As it turns out, Charlie fled to Tijuana, Mexico, looking for a woman he abandoned two decades ago. From Mary (Claudia Ferri) he learns that the woman died years ago, but she had a daughter, named Isabel. As he searches, Jimmy, on vacation in Tijuana, is shocked to see Charlie. Hobbs is disbelieving at first, but travels to meet Jimmy anyway. Wright searches for Isabel, but finds that she has left the country illegally.

Russian Mob Members Letvinko (Elya Baskin) and Borlec (Raymond J. Barry) hire mercenary Damon (Luke Goss) to go after Wright and the money he stole from the mob. Damon is given a team (Gary Daniels, Geoffrey Ross, and Bokeem Woodbine) to tail Wright with. Simultaneously, Mexican drug lord Jorge Garza (Andy Garcia), deeply indebted, kidnaps Charlie and offers protection in exchange for some of his money. Garza's son Gabriel (Danny Pino) intends to keep their hostage overnight, but is attacked by Damon's team. In the battle Charlie escapes.

Charlie calls Hobbs and says he wishes to return to the U.S. The Garza's track him down and Damon's team follows. They all find Wright at a market, but before they can kidnap him Hobbs shows up and takes Charlie into his custody, and the mercenaries reluctantly leave. In a voiceover letter to Isabel, Wright discusses how he views his life as a failure. Gabriel breaks the news to a distraught Jorge, who leaves the empire in Gabriel's hands as the men he is in debt to take him away.
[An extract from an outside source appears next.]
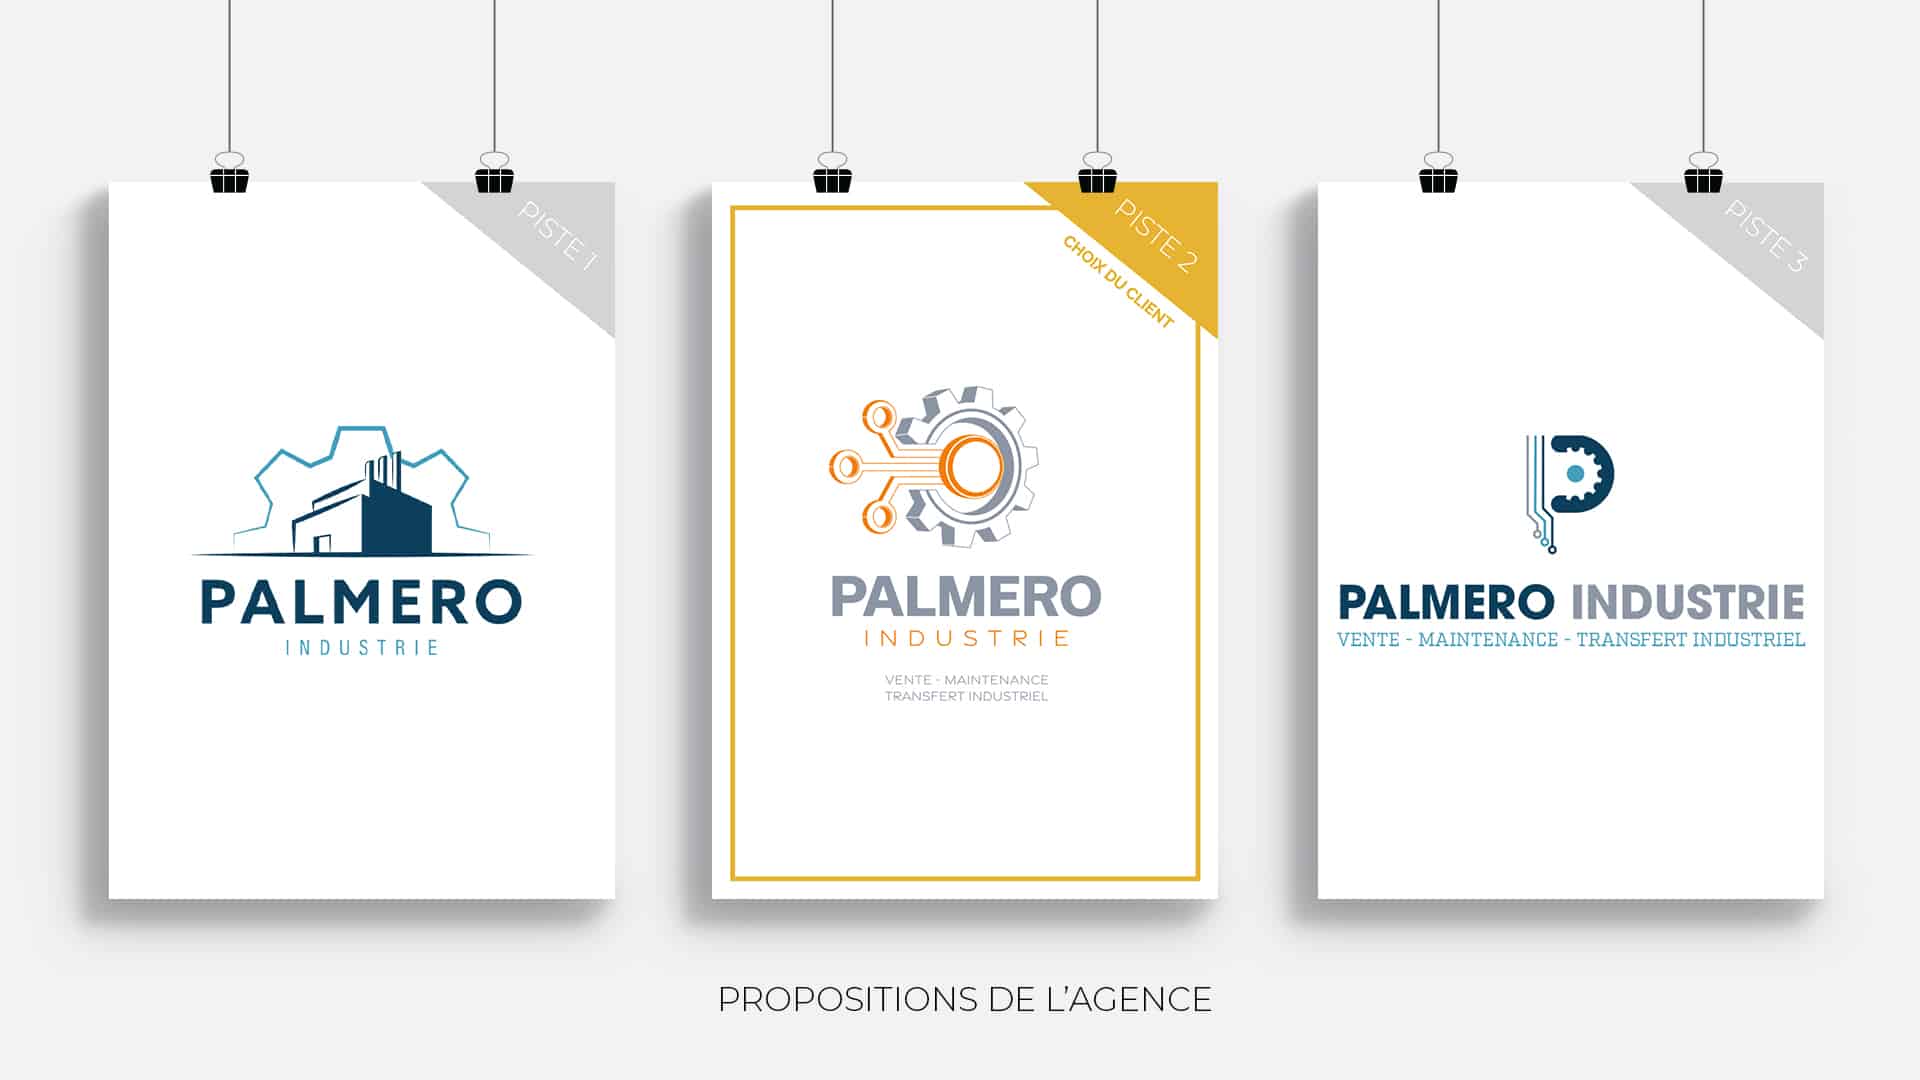 Mockup de présentation des propositions de logotypes réalisées par l'agence pour Palmero dans la refonte d'identité visuelle de la marque.

Hobbs, keeping Wright in his car, tells Wright that he found out Wright had at most six months to live as cancer had spread through Charlie's body. Hobbs allows Wright to leave and Wright gives him the details of a bank account, presumably with the money Charlie stole.

The voiceover ends as Charlie sits at a beach, at some level of peace with himself.

==Cast==
Target
- Aidan Quinn as Charlie Wright: A U.S. banker who scams billions and flees to Tijuana

FBI
- Mario Van Peebles as Agent Hobbs: A relentless Agent chasing Wright
- Jordan Belfi as Jimmy: Hobb's partner
- Corbin Bernsen as FBI Director Hill: Furious with Hobbs and demanding a quick resolution to the conflict

Mercenaries
- Luke Goss as Damon: Hired by the Russian Mob to go after Charlie Wright
- Gary Daniels as Michaels: The leader of a mercenary team in Tijuana, hired by Damon
- Bokeem Woodbine as Miller: A member of Michaels' team
- Geoffrey Ross as Baines: A member of Michaels' team

Gangsters
- Raymond J. Barry as Borlec: The Russian Mobster who hires Damon
- Elya Baskin as Letvinko: Hires Damon with Borlec
- Andy Garcia as Jorge Garza: A Mexican gangster who promises protection for Wright in exchange for money
- Danny Pino as Gabriel Garza: Jorge's brother
- Gina Gershon as Mariel Garza: Jorge's wife

Others
- Claudia Ferri as Mary: A prostitute who knows the woman Charlie is looking for

== Reception ==
A reviewer for the Courier-Post criticized the film, as they felt that it was "overburdened with unsavory characters". DVD Talk was similarly critical, writing "Little asides, including various appearances from an age-reducing facial cream all the women in the film lust after, lead me to believe "Across the Line" was a phone book script reduced to a Christmas list of ideas before shooting. Depth is lacking, along with a rich sense of purpose." The film also received a review from TV Guide.